* Work item
Please output exactly the lines from the one containing "- Costruzione edilizia" through the last line of the records, both included.

* Excerpts from a dataset
• • •

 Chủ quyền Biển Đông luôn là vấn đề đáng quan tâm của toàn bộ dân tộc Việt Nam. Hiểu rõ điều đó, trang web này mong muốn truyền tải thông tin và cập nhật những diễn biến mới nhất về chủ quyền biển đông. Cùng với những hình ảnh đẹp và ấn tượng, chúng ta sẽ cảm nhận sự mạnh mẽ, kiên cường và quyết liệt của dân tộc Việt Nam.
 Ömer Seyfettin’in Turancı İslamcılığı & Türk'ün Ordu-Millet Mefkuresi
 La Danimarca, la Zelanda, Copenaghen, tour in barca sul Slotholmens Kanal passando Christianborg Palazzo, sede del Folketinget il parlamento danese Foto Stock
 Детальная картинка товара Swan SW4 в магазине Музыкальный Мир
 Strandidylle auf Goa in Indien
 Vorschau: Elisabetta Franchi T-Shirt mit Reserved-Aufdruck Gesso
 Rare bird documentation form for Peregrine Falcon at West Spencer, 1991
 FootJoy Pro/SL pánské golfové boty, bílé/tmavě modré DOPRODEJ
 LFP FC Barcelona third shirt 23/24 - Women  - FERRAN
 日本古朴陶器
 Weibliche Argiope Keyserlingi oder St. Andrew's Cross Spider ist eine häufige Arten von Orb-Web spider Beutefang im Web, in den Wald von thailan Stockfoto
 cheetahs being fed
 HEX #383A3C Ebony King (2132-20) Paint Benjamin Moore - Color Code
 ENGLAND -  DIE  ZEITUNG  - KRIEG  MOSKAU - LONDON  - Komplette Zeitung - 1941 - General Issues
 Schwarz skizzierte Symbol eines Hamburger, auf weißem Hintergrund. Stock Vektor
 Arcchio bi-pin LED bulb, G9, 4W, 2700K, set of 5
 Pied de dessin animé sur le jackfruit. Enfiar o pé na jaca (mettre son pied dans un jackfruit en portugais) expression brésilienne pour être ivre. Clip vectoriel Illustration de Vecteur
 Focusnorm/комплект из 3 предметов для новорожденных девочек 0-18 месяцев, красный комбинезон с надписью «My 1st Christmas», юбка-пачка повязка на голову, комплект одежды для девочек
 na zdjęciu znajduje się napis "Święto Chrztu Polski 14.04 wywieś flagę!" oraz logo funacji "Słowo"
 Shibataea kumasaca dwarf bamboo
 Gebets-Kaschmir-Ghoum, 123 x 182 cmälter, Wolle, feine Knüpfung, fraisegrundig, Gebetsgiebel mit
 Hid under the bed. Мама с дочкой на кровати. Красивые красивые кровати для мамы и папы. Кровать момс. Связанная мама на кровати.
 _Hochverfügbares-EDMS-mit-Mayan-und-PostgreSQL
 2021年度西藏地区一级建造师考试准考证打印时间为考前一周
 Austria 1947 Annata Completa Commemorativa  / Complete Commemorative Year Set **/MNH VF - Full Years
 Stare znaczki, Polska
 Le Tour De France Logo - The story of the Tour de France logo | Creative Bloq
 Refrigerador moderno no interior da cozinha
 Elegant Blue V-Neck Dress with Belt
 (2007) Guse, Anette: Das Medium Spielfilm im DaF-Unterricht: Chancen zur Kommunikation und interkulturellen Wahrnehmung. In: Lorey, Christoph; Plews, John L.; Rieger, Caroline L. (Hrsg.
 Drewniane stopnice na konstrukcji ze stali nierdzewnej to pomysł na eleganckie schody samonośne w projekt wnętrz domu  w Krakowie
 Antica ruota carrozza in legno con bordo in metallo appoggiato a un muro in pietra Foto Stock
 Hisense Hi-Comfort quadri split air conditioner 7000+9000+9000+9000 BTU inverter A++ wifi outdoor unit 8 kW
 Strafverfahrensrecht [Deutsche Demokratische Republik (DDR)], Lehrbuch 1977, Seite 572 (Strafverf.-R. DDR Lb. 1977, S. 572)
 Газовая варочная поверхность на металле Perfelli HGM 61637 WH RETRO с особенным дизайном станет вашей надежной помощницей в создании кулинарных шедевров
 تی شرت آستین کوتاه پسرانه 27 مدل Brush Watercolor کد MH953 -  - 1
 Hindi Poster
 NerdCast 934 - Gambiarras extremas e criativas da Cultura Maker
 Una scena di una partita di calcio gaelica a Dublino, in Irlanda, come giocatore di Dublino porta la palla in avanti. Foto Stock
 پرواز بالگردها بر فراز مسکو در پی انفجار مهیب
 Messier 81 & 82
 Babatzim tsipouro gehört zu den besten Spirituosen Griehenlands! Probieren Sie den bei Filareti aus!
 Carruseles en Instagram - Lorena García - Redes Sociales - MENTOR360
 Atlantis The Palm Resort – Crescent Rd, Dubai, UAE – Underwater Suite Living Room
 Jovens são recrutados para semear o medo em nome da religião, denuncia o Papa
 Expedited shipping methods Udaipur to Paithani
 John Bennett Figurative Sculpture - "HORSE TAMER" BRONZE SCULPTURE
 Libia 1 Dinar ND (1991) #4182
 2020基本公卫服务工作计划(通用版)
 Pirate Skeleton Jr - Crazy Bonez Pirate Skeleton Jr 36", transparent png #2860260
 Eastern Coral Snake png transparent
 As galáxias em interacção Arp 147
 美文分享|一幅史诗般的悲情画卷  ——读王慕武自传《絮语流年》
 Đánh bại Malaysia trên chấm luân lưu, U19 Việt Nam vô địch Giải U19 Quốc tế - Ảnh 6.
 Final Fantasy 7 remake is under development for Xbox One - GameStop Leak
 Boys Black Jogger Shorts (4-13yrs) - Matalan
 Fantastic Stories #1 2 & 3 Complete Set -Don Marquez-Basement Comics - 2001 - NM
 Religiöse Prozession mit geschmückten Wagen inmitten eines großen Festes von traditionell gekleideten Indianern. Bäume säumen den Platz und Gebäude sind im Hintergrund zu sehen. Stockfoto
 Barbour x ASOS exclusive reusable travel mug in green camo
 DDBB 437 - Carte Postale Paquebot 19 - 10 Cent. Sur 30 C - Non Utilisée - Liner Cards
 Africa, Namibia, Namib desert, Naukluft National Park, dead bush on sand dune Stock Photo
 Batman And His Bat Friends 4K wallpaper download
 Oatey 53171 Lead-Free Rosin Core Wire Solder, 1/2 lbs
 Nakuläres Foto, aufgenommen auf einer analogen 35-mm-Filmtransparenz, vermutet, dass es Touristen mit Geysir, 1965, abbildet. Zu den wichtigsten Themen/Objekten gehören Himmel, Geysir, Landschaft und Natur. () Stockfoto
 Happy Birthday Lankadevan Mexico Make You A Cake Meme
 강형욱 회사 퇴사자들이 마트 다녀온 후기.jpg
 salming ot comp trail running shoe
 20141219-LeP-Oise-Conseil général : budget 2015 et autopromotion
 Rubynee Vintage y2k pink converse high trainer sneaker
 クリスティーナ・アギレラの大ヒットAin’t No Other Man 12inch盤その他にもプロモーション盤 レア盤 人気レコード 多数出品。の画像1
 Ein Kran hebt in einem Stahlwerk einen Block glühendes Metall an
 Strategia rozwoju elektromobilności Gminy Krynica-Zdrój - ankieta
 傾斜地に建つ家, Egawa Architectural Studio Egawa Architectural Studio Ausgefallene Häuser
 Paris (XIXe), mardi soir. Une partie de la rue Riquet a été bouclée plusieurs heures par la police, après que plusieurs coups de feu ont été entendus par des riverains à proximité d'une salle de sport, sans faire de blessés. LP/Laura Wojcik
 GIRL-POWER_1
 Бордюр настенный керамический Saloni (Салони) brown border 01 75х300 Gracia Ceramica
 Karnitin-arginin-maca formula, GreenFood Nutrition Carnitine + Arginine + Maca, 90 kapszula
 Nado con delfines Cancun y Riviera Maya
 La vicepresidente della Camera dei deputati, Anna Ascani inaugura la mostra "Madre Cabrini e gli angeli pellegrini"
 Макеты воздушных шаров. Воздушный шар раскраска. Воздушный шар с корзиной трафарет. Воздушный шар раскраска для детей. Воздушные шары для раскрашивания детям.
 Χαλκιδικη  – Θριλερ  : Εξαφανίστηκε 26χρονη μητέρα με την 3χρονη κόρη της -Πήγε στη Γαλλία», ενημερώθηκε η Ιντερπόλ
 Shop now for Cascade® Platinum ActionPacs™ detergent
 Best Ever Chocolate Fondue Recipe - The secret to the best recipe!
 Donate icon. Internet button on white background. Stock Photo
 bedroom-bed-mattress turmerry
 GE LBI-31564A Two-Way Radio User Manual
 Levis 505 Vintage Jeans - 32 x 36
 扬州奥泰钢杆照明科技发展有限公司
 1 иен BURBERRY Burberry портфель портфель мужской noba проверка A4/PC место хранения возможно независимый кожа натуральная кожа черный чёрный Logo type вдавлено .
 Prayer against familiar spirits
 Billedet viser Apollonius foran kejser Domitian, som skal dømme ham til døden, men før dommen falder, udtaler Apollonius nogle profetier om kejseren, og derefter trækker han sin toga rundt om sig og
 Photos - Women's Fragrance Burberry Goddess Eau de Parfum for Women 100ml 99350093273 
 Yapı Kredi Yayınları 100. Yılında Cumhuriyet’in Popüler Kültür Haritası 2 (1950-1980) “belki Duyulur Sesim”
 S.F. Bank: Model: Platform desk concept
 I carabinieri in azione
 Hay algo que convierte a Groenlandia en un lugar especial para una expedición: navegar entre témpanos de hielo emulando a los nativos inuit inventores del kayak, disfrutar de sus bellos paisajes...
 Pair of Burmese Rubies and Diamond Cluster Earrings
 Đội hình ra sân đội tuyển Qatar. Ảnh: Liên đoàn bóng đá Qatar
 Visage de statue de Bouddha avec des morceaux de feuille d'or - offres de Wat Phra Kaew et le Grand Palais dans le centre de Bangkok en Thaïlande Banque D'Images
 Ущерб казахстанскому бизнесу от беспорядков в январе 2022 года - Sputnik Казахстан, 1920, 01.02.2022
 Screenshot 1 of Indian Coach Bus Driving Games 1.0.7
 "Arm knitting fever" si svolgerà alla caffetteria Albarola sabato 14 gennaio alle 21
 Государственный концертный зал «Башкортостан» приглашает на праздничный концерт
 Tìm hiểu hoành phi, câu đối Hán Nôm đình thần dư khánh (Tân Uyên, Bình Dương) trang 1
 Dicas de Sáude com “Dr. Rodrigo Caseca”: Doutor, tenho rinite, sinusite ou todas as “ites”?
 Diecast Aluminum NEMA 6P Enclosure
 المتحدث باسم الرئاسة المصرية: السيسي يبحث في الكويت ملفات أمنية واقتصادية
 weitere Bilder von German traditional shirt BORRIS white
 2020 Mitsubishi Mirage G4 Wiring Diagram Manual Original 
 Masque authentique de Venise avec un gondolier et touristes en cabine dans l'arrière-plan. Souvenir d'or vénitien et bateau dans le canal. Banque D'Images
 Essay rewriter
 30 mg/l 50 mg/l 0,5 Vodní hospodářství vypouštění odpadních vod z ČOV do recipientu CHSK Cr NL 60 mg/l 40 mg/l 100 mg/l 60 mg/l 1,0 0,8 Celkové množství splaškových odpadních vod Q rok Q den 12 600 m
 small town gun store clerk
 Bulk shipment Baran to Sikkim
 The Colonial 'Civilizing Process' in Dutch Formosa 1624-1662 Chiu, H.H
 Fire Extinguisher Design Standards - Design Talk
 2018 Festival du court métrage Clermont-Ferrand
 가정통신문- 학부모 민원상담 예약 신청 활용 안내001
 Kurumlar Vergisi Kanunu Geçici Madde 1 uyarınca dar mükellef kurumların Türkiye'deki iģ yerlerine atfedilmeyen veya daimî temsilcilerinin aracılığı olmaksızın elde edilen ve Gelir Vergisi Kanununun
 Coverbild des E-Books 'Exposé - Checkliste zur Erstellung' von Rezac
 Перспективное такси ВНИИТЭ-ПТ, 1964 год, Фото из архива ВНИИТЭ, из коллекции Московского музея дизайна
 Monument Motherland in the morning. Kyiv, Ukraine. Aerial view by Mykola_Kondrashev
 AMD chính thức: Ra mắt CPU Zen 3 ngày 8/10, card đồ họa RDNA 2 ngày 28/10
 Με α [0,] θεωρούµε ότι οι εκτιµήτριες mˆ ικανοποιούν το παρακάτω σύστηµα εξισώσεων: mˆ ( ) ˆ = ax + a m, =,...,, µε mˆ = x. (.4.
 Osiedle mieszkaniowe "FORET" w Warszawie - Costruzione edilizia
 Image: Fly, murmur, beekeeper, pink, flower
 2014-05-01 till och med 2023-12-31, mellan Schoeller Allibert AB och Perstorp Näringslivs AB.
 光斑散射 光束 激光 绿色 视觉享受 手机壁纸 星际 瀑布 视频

• • •

* Response to this task
 Osiedle mieszkaniowe "FORET" w Warszawie - Costruzione edilizia
 Image: Fly, murmur, beekeeper, pink, flower
 2014-05-01 till och med 2023-12-31, mellan Schoeller Allibert AB och Perstorp Näringslivs AB.
 光斑散射 光束 激光 绿色 视觉享受 手机壁纸 星际 瀑布 视频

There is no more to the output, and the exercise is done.